Centered around the idea that medicine and music are both therapeutic, “Jazz at Drew” is a four-day, two-weekend fund-raising festival presented by the Charles R. Drew School of Medicine and Science in Los Angeles.
This year’s event, which is being held outdoors Saturday and Sunday and Sept. 18-19 on the school’s campus, features such performers as pianist Cedar Walton, drummer Tony Williams, keyboardist George Duke and bandleader Gerald Wilson.
Drew, which is affiliated with UCLA, is one of four African-American medical schools in the United States. Founded in 1966, Drew offers both undergraduate and advanced degrees, including the M.D. degree. The fund-raising event benefits Drew’s scholarship fund, research and expansion of the school’s facilities.
So far, “Jazz at Drew " has not made any money but it also hasn’t lost any money. “We broke even our first two years, but we hope this year will be the turnaround. We expect to make a profit,” said Roland Betts, Drew’s manager of special events and executive producer of “Jazz at Drew.” He reported that the festival drew approximately 4,000 people in 1991, and 8,000 in 1992. The outdoor area has a seating capacity of 5,000.
Betts added that many of the performers work for free or receive less than they would normally get for a festival performance.
This year’s event, which has a budget of $200,000, is sponsored by Arrowhead Waters, American Airlines, the Los Angeles Renaissance Hotel and radio station KJAZ-FM (103.1).
Tickets for “Jazz at Drew” range from $17.50 to $25 per show, with special VIP tables for four priced at $200. Tickets can be purchased from Ticketmaster, (213) 480-3232, (714) 740-2000, and Tower and Music Plus stores.
Free parking for the event is available at Drew, which is located at 1621 E. 120th St., between Wilmington and Compton avenues. The event runs from 2 to 10:30 p.m. daily.

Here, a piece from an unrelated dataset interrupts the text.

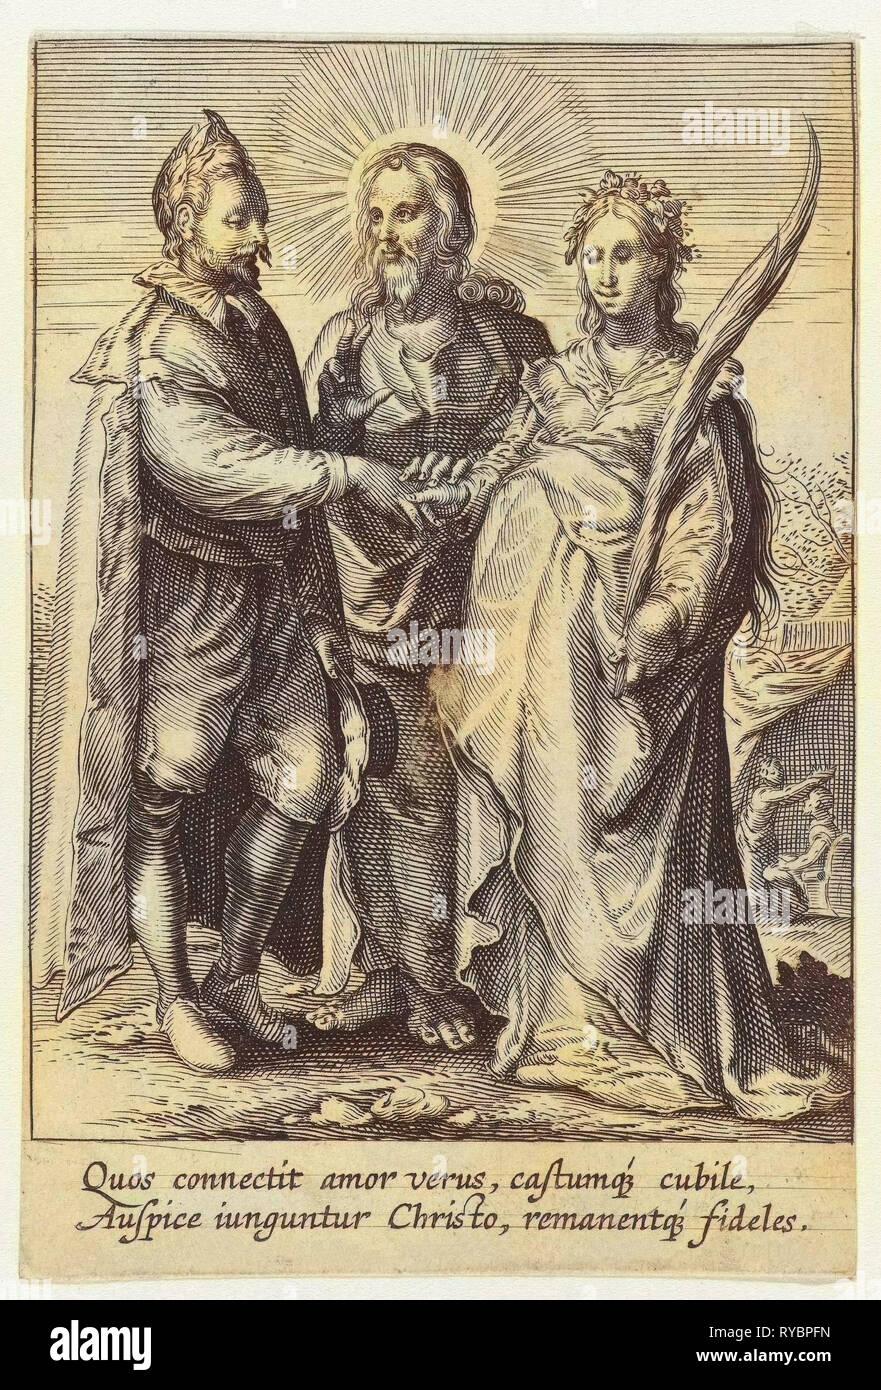 Marriage of spiritual love, Jan Saenredam, Anonymous, Hendrick Goltzius, 1575-1657 - Stock Image

Information: (213) 563-4986, 563-4842.
Jazz Society Founder: Teri Merrill-Aarons, the founder and president of the Los Angeles Jazz Society, died Saturday of liver cancer at the age 52. Married to former Count Basie trumpeter Al Aarons, Merrill-Aarons steadfastly promoted jazz in Southern California, through the jazz society. The society fosters jazz education with its Jazz Caravan program, which presents music in schools and public parks. It also exposed jazz to cable TV viewers through its long-running public access show “Jazz in Review.”

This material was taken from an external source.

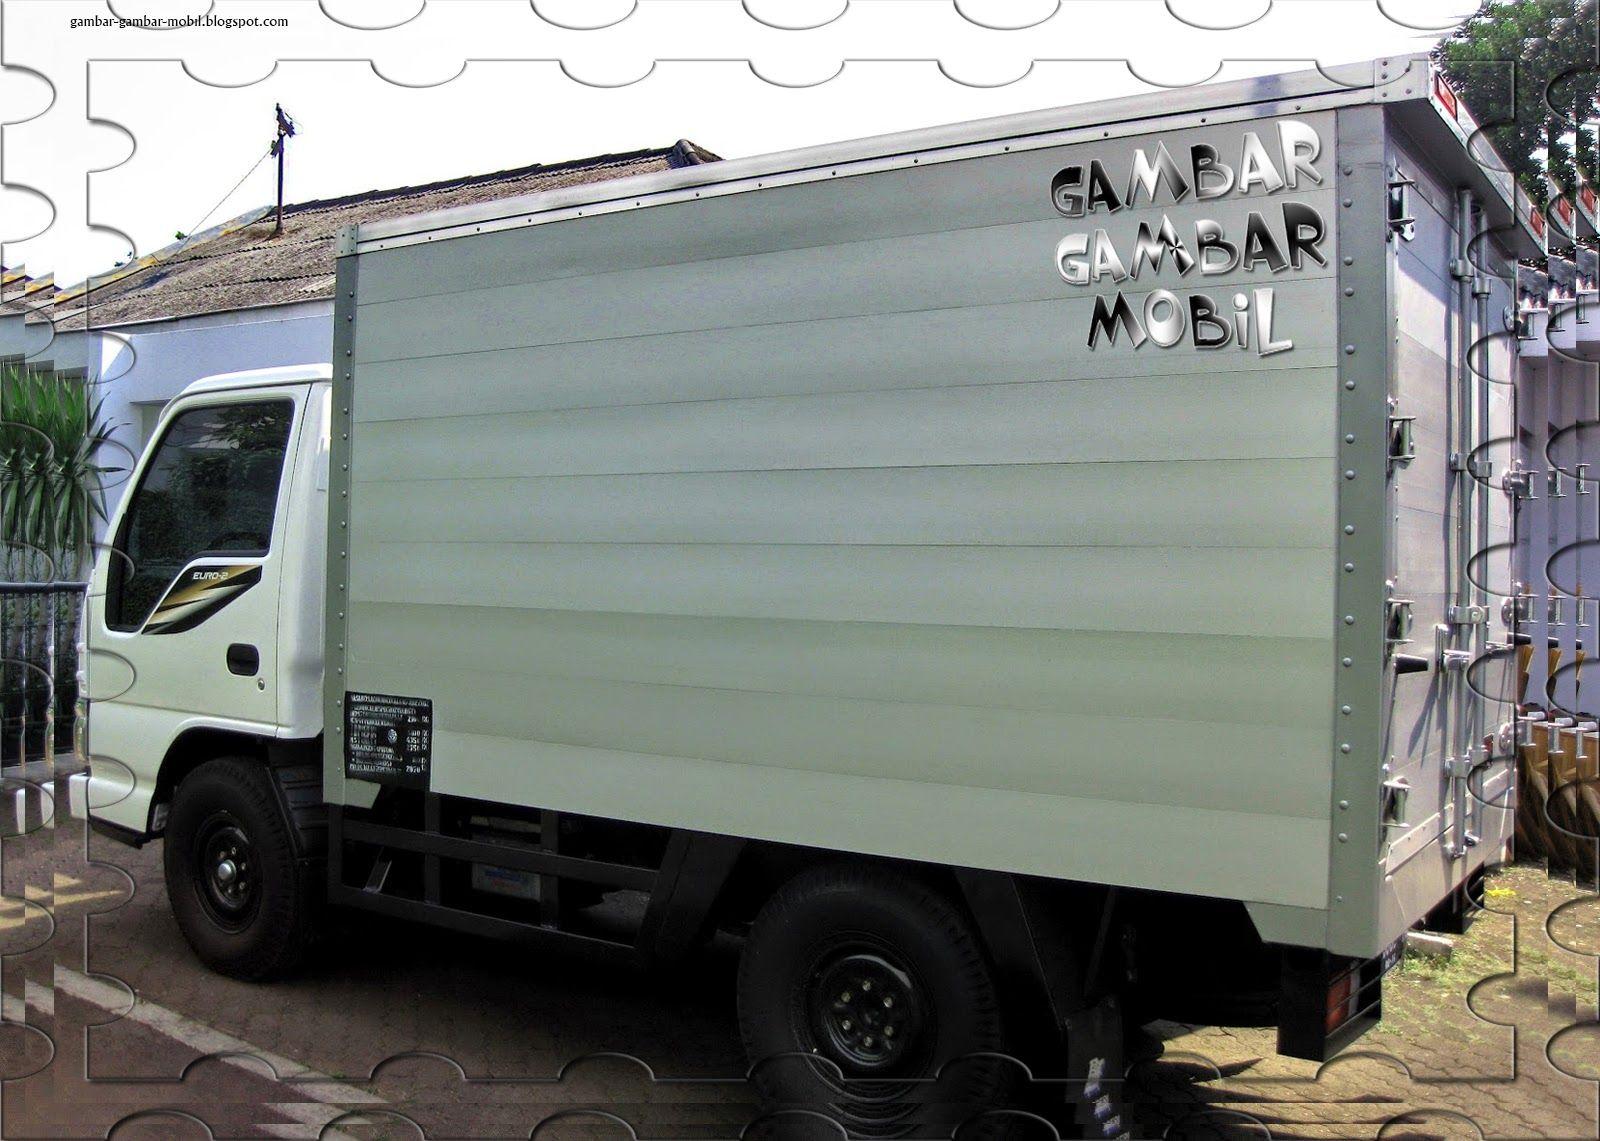 86 Gambar Mobil Truk Box HD Terbaru

For the past seven years, Merrill-Aarons organized the Society’s awards show, which honored members of the L.A. jazz community for contributions to the art. Honored were established greats, such as Harry “Sweets” Edison, Teddy Edwards, Conte Candoli, Gerald Wilson and Bob Cooper, and younger, developing artists, including Cecilia Coleman, Eric Reed, James Mahone and Larry Koonse.
Services will be held Saturday, 3 p.m., at the Church of the Hills at Forest Lawn in Hollywood.